Warnakulasuriya S, Reibel J, Bouquot J, Dabelsteen E
Department of Oral Medicine, King's College Dental Institute at Guy's, King's & St Thomas' Hospitals, London, UK.
J Oral Pathol Med. 2008 Mar;37(3):127-33. doi: 10.1111/j.1600-0714.2007.00584.x.
At a workshop coordinated by the WHO Collaborating Centre for Oral Cancer and Precancer in the United Kingdom issues related to potentially malignant disorders of the oral cavity were discussed by an expert group. The consensus views of the Working Group are presented in a series of papers. In this report, we review the oral epithelial dysplasia classification systems. The three classification schemes [oral epithelial dysplasia scoring system, squamous intraepithelial neoplasia and Ljubljana classification] were presented and the Working Group recommended epithelial dysplasia grading for routine use. Although most oral pathologists possibly recognize and accept the criteria for grading epithelial dysplasia, firstly based on architectural features and then of cytology, there is great variability in their interpretation of the presence, degree and significance of the individual criteria. Several studies have shown great interexaminer and intraexaminer variability in the assessment of the presence or absence and the grade of oral epithelial dysplasia. The Working Group considered the two class classification (no/questionable/ mild - low risk; moderate or severe - implying high risk) and was of the view that reducing the number of choices from 3 to 2 may increase the likelihood of agreement between pathologists. The utility of this need to be tested in future studies. The variables that are likely to affect oral epithelial dysplasia scoring were discussed and are outlined here; these need to be researched in longitudinal studies to explore the biological significance of a low-risk or high-risk dysplasia.

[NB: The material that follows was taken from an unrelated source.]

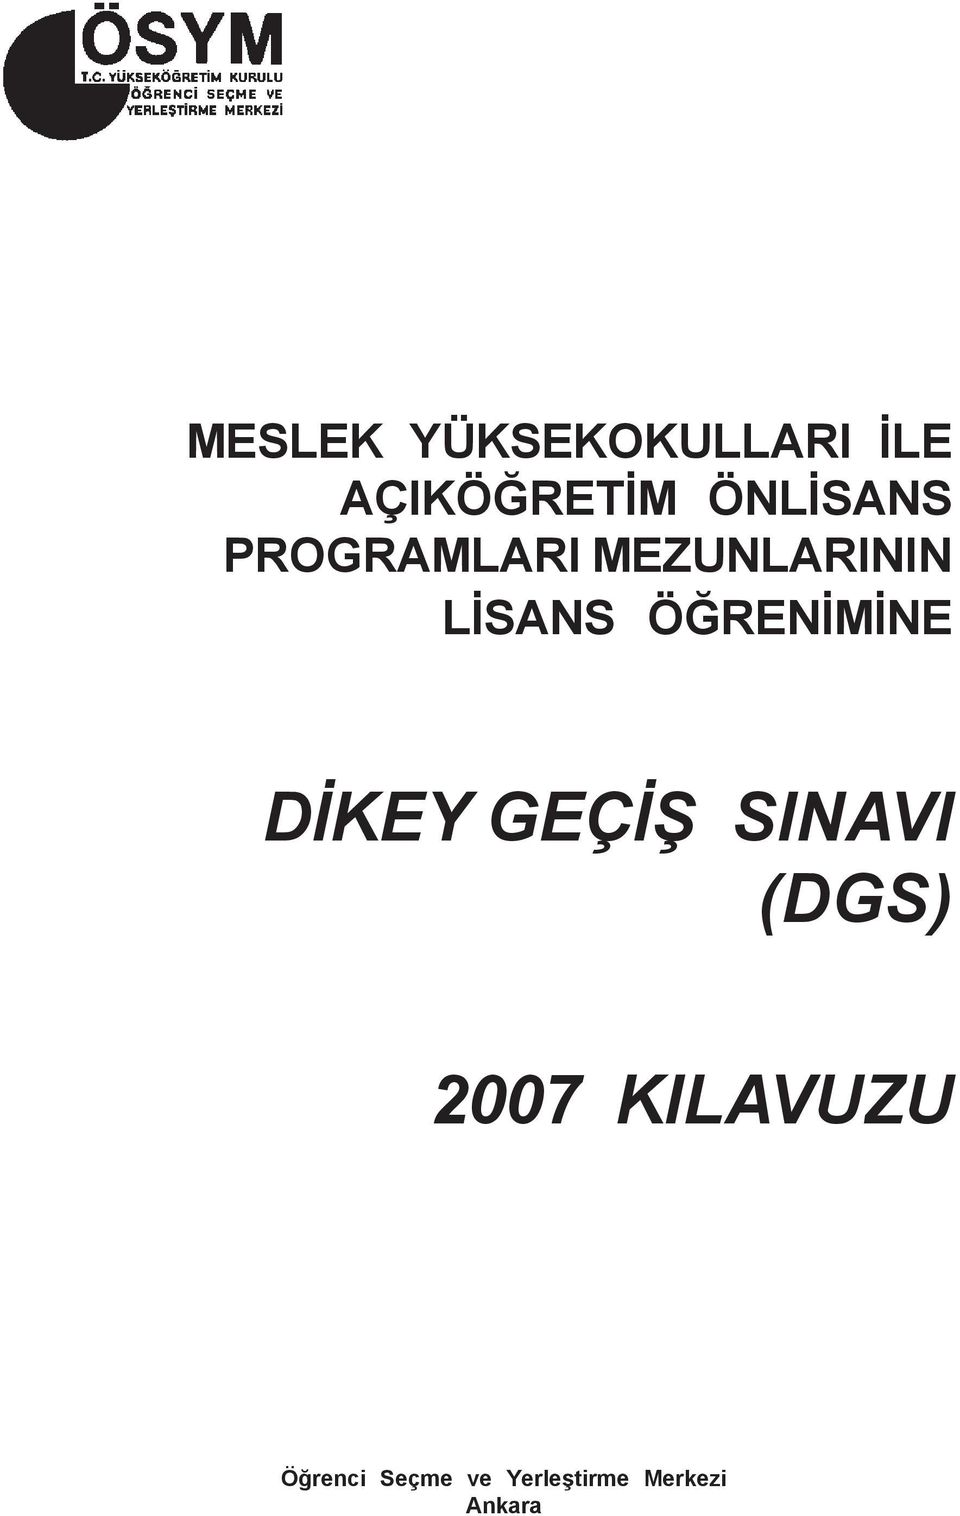 ÖÐRENÝMÝNE DÝKEY GEÇÝÞ SINAVI (DGS) 2007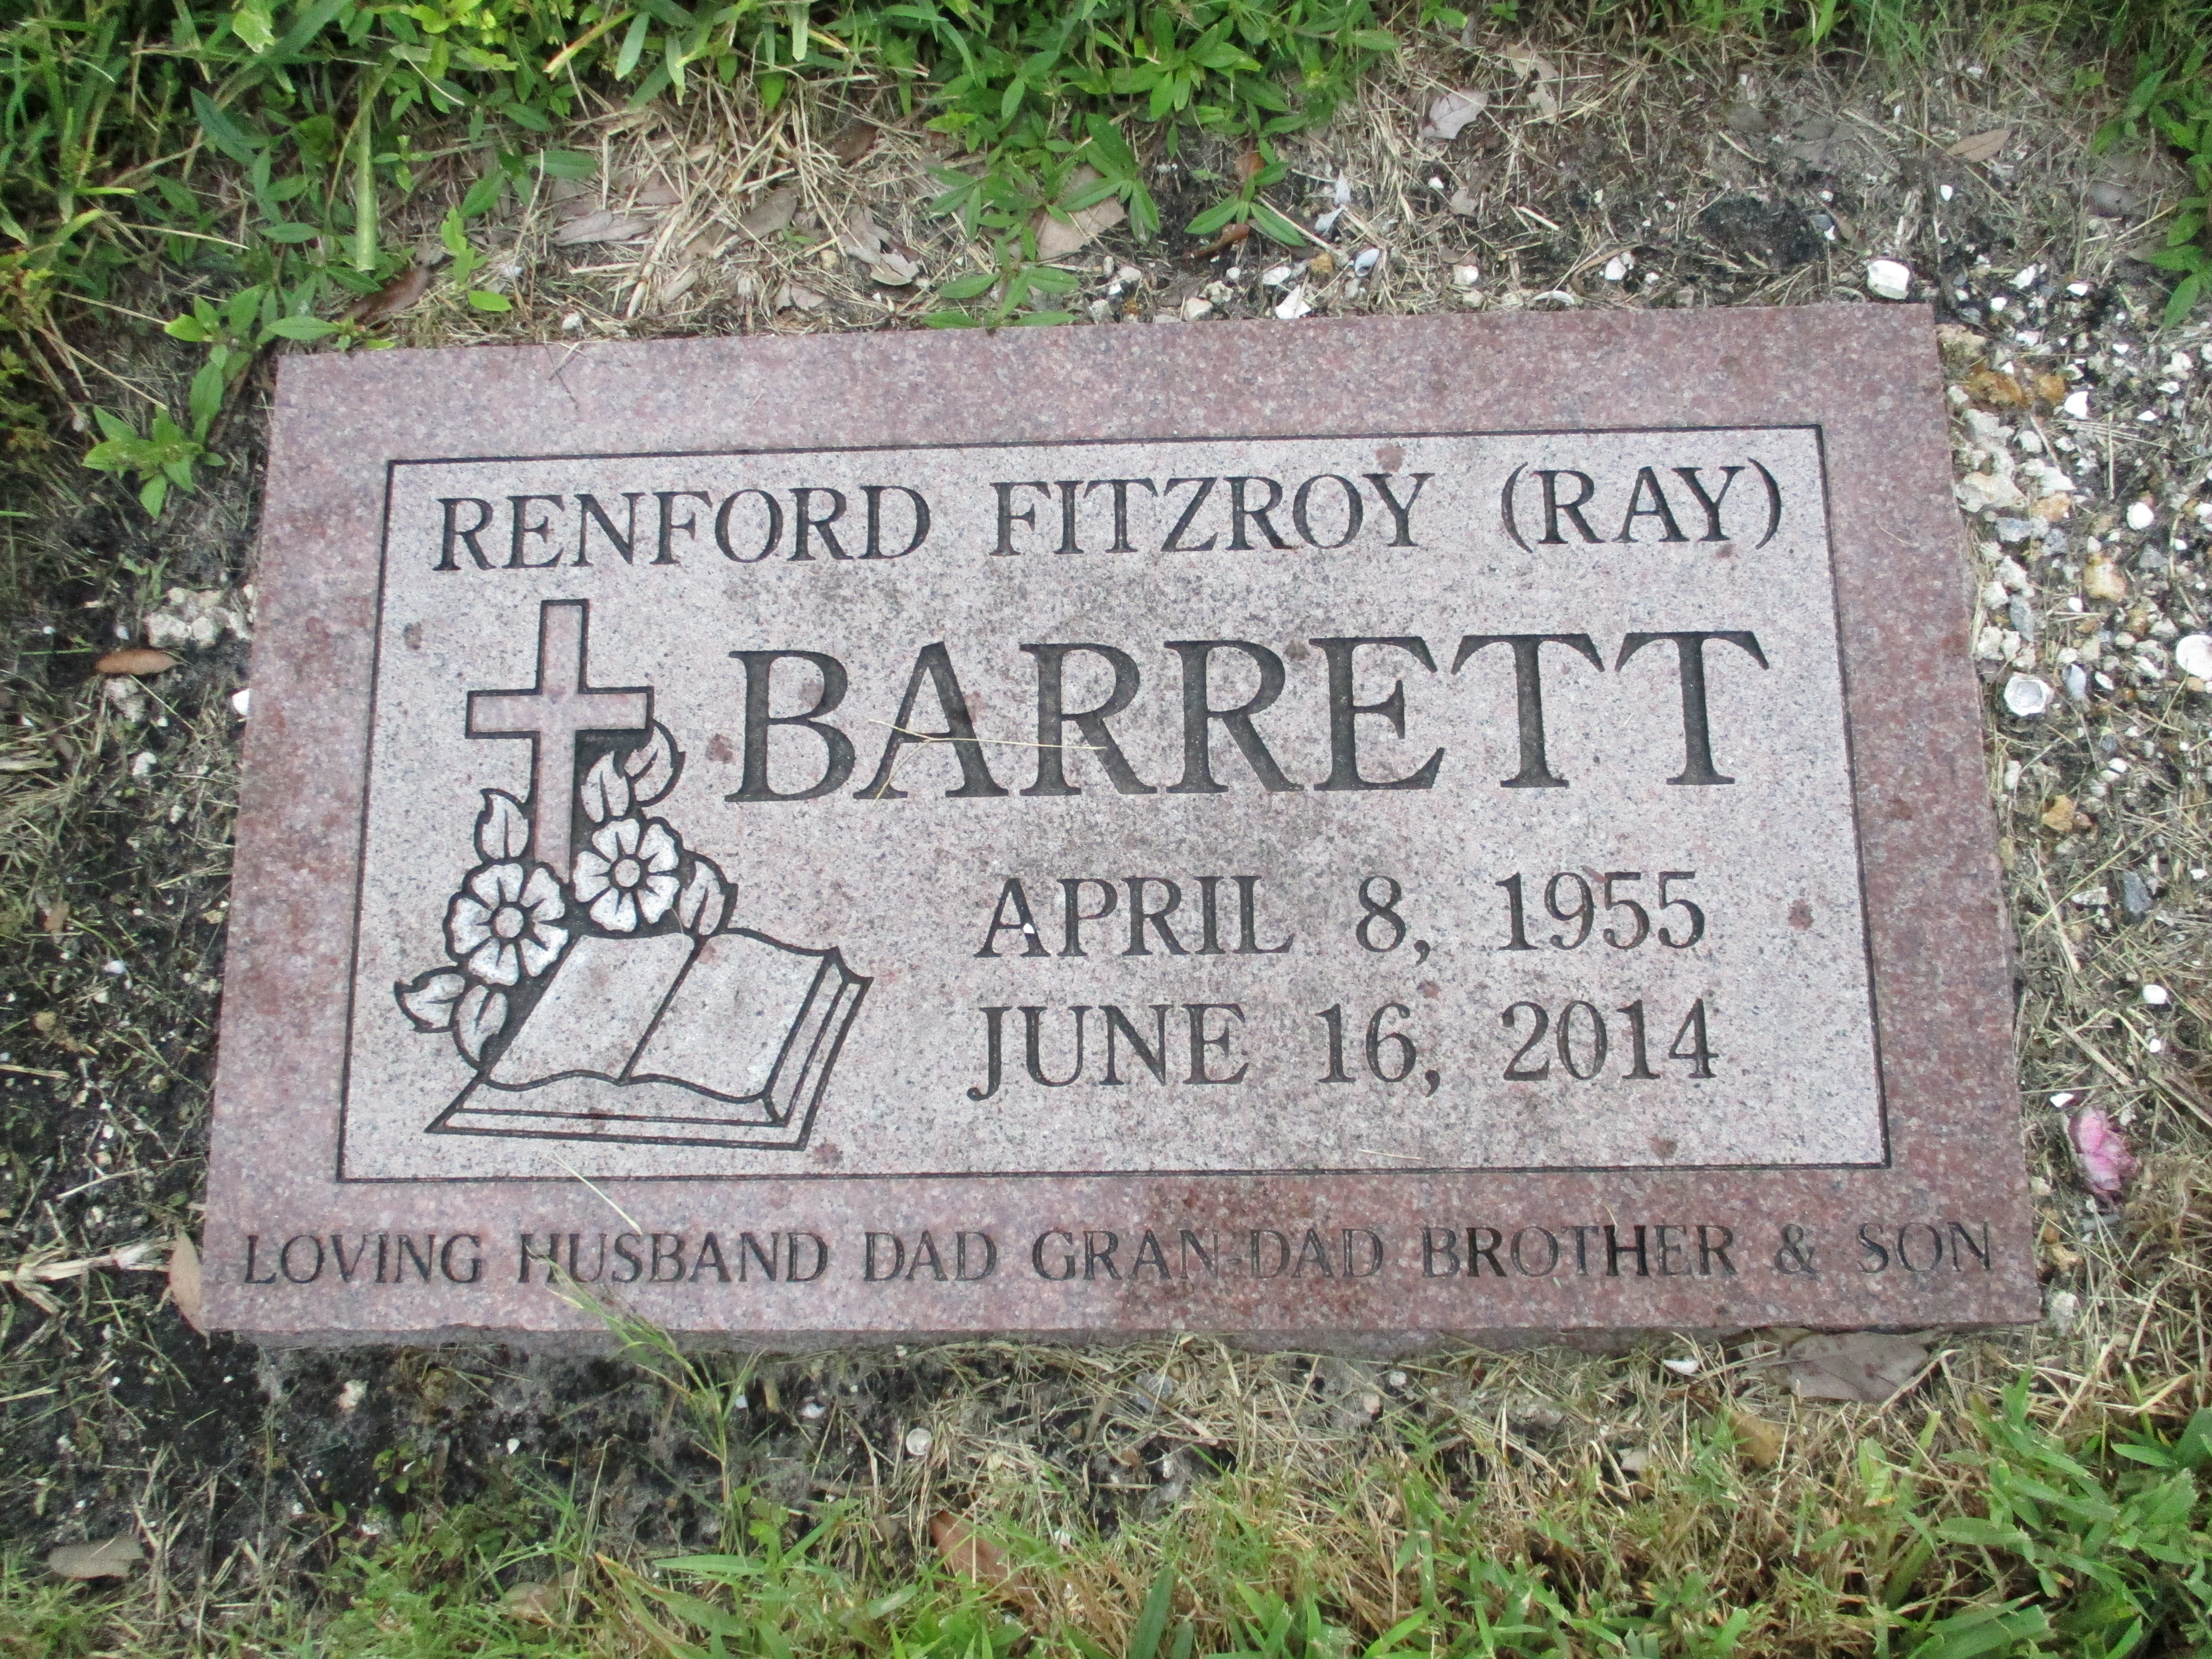 Renford Fitzroy "Ray" Barrett

在由世界卫生组织口腔癌与癌前病变合作中心在英国协调举办的一次研讨会上,一个专家小组讨论了与口腔潜在恶性疾病相关的问题。工作组的共识性观点在一系列论文中发表。在本报告中,我们回顾了口腔上皮异常增生的分类系统。介绍了三种分类方案[口腔上皮异常增生评分系统、鳞状上皮内瘤变和卢布尔雅那分类],工作组建议将上皮异常增生分级用于常规诊断。尽管大多数口腔病理学家可能认可并接受上皮异常增生的分级标准,首先基于结构特征,然后是细胞学特征,但他们对各个标准的存在、程度及意义的解读存在很大差异。多项研究表明,在评估口腔上皮异常增生的有无及分级方面,不同检查者之间以及同一检查者自身的差异都很大。工作组考虑了二分法分类(无/可疑/轻度 - 低风险;中度或重度 - 意味着高风险),并认为将选择数量从3种减少到2种可能会增加病理学家之间达成一致的可能性。这一做法的实用性有待在未来研究中进行检验。讨论了可能影响口腔上皮异常增生评分的变量,并在此进行概述;这些变量需要在纵向研究中进行探究,以探讨低风险或高风险异常增生的生物学意义。